Tracing the open() filename:
# ./kprobe 'p:myopen do_sys_open filename=+0(%si):string'
Tracing kprobe myopen. Ctrl-C to end.
kprobe-32369 [001] d... 6593706.999728: myopen: (do_sys_open+0x0/0x220) filename="/etc/ld.so.cache"
kprobe-32369 [001] d... 6593706.999748: myopen: (do_sys_open+0x0/0x220) filename="/lib/x86_64-linux-gnu/libc.so.6"
kprobe-32369 [001] d... 6593707.000092: myopen: (do_sys_open+0x0/0x220) filename="/usr/lib/locale/locale-archive"
kprobe-32369 [001] d... 6593707.000176: myopen: (do_sys_open+0x0/0x220) filename="trace_pipe"
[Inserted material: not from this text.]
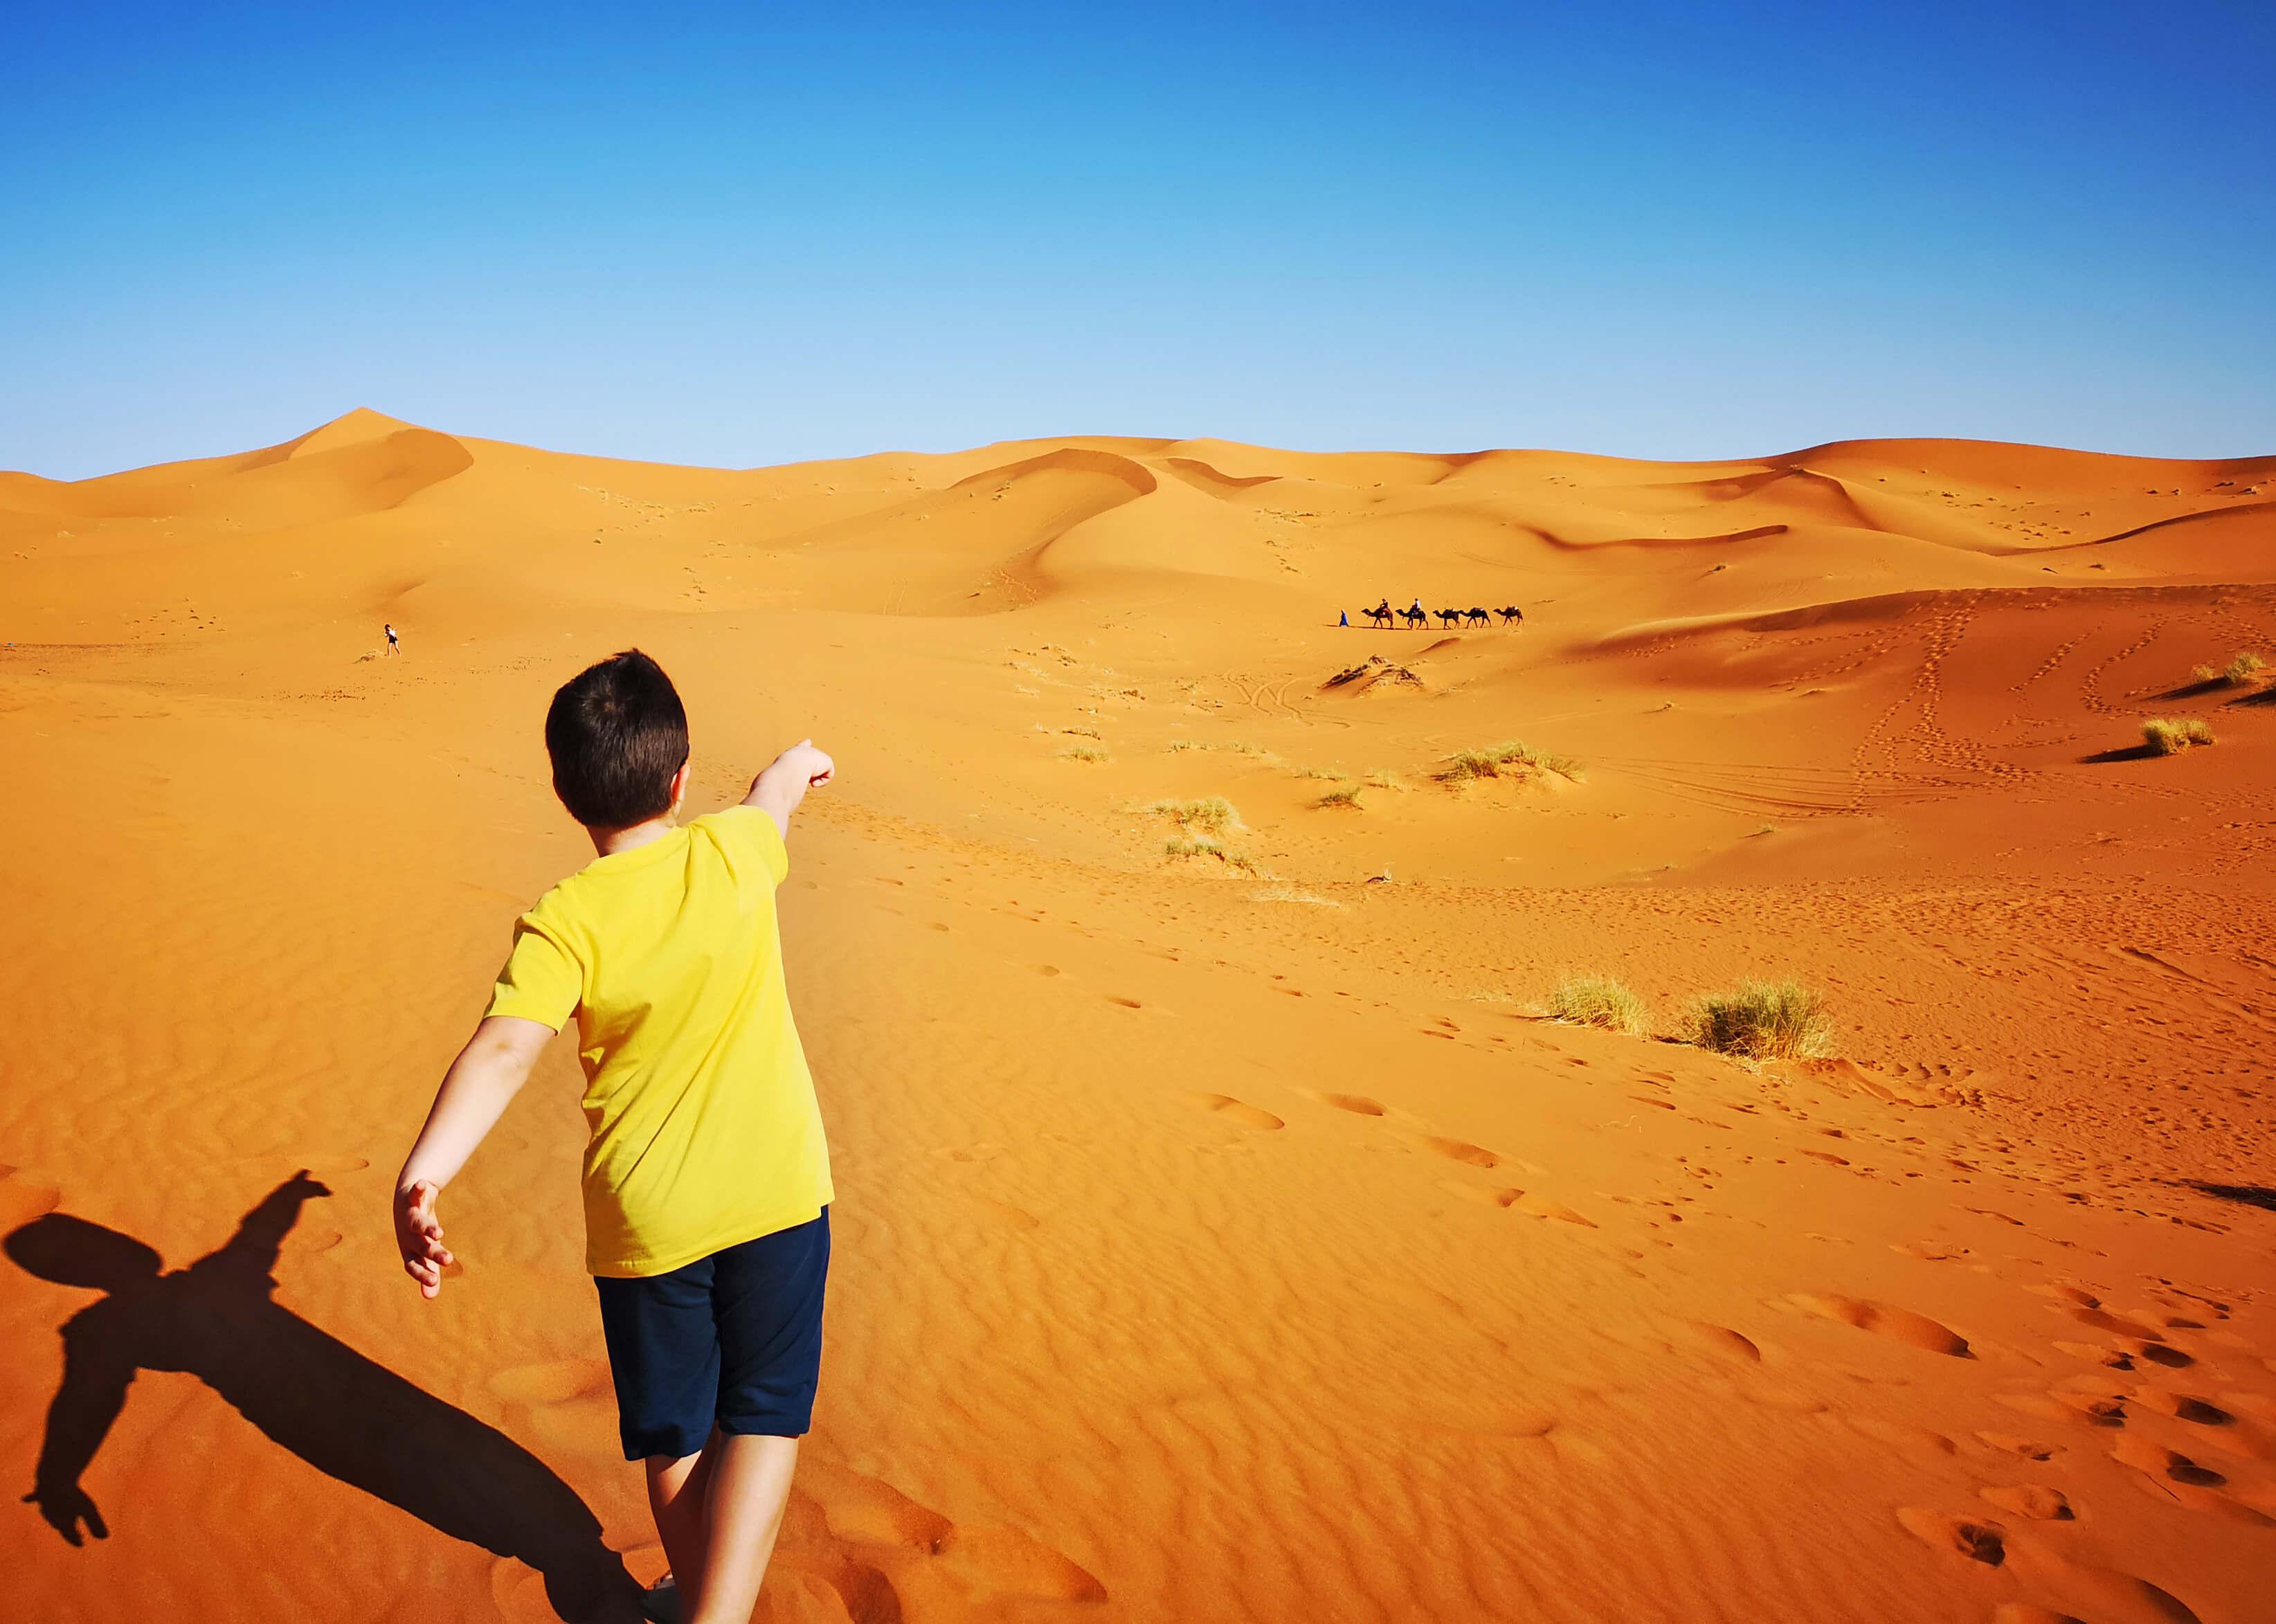 allarremviaggio_viaggiare_con_bambini_marocco_deserto

supervise-1699 [000] d... 6593707.254970: myopen: (do_sys_open+0x0/0x220) filename="supervise/status.new"
supervise-1689 [001] d... 6593707.254970: myopen: (do_sys_open+0x0/0x220) filename="supervise/status.new"
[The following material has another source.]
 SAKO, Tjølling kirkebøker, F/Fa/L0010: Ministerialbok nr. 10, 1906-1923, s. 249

supervise-1689 [001] d... 6593707.255432: myopen: (do_sys_open+0x0/0x220) filename="supervise/status.new"
supervise-1699 [000] d... 6593707.255432: myopen: (do_sys_open+0x0/0x220) filename="supervise/status.new"
supervise-1695 [001] d... 6593707.258805: myopen: (do_sys_open+0x0/0x220) filename="supervise/status.new"
[...]
As mentioned previously, the %si register may be different on your platform.
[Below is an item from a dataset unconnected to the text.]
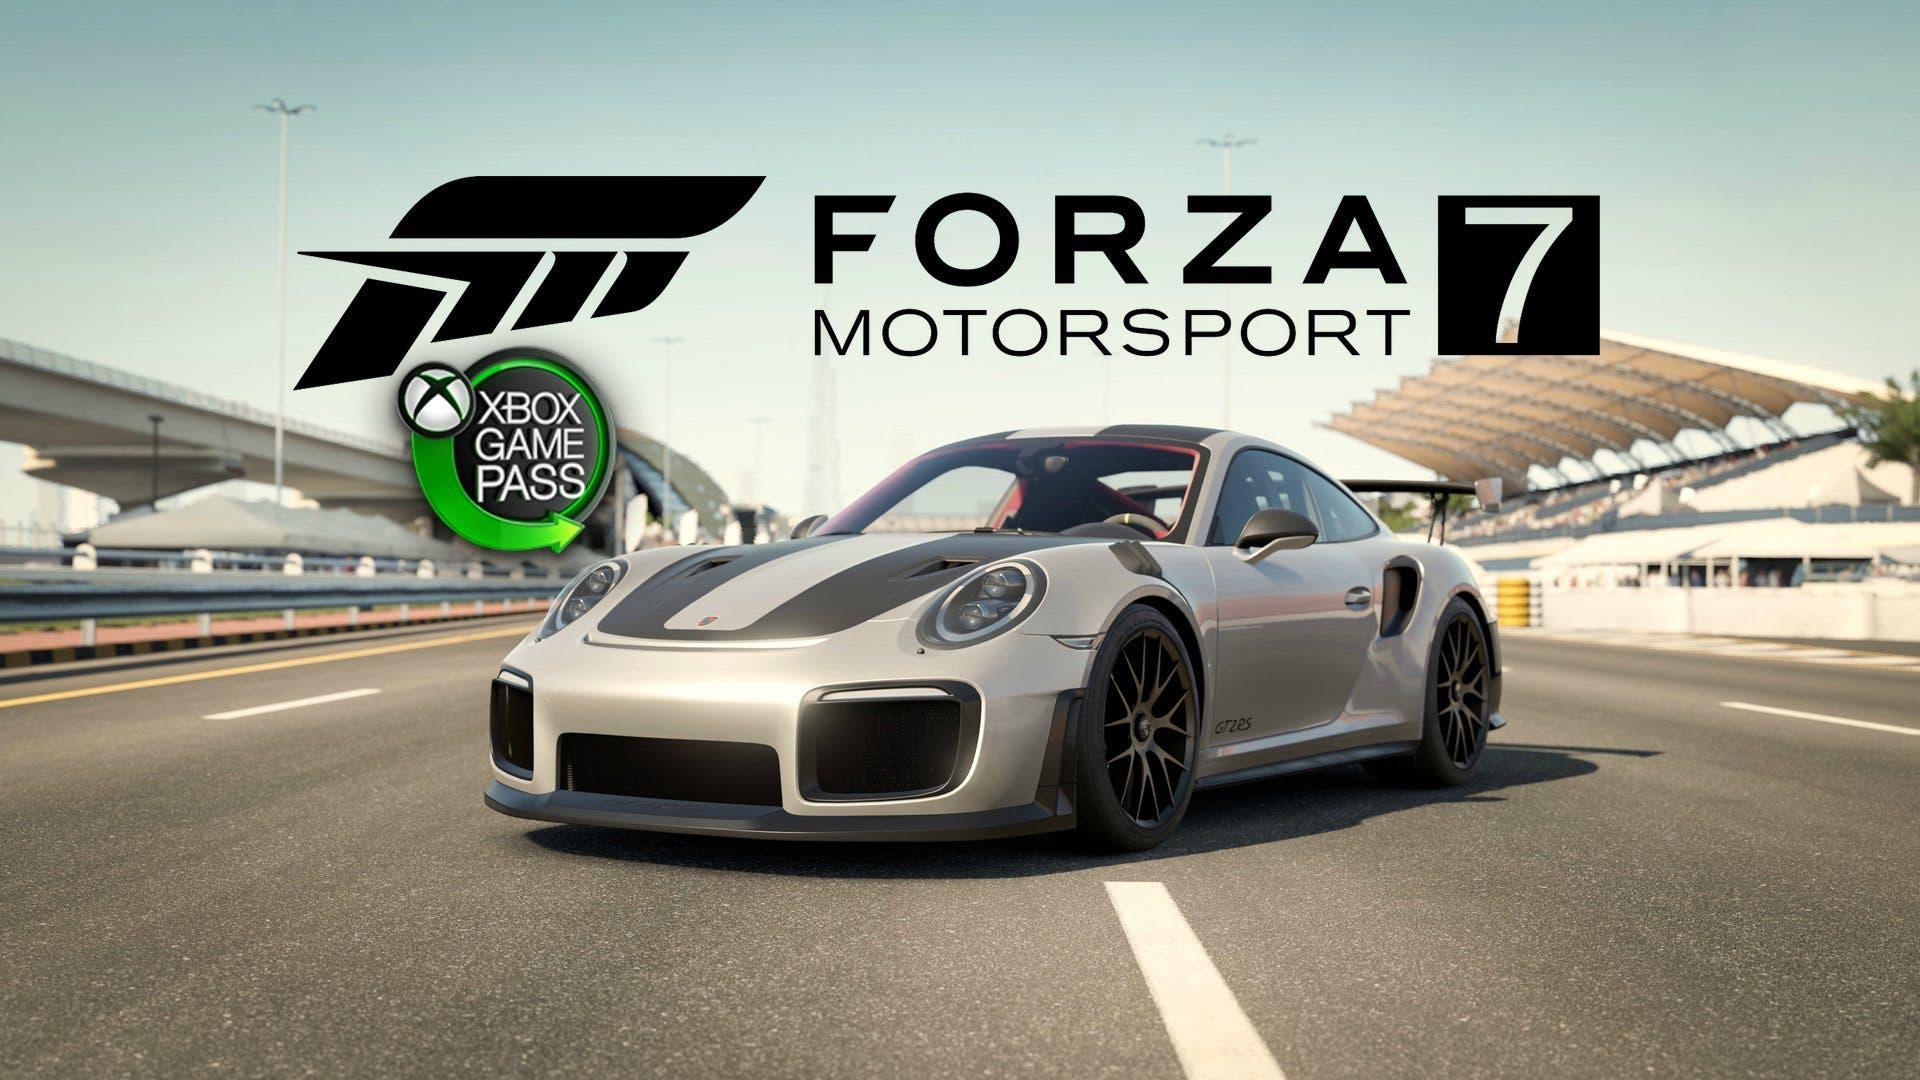 nuevos juegos en Xbox Game Pass de PC y consola

In this example, I cast it as a string.
The -H option will show the headings:
# ./kprobe -H 'p:myopen do_sys_open filename=+0(%si):string'
Tracing kprobe myopen. Ctrl-C to end.
# tracer: nop
#
# entries-in-buffer/entries-written: 4/4 #P:2
#
# _-----=> irqs-off
# / _----=> need-resched
# | / _---=> hardirq/softirq
# || / _--=> preempt-depth
# ||| / delay
# TASK-PID CPU# |||| TIMESTAMP FUNCTION
# | | | |||| | |
kprobe-1460 [001] d... 6593814.070876: myopen: (do_sys_open+0x0/0x220) filename="/etc/ld.so.cache"
kprobe-1460 [001] d... 6593814.070898: myopen: (do_sys_open+0x0/0x220) filename="/lib/x86_64-linux-gnu/libc.so.6"
kprobe-1460 [001] d... 6593814.071256: myopen: (do_sys_open+0x0/0x220) filename="/usr/lib/locale/locale-archive"
kprobe-1460 [001] d... 6593814.071355: myopen: (do_sys_open+0x0/0x220) filename="trace"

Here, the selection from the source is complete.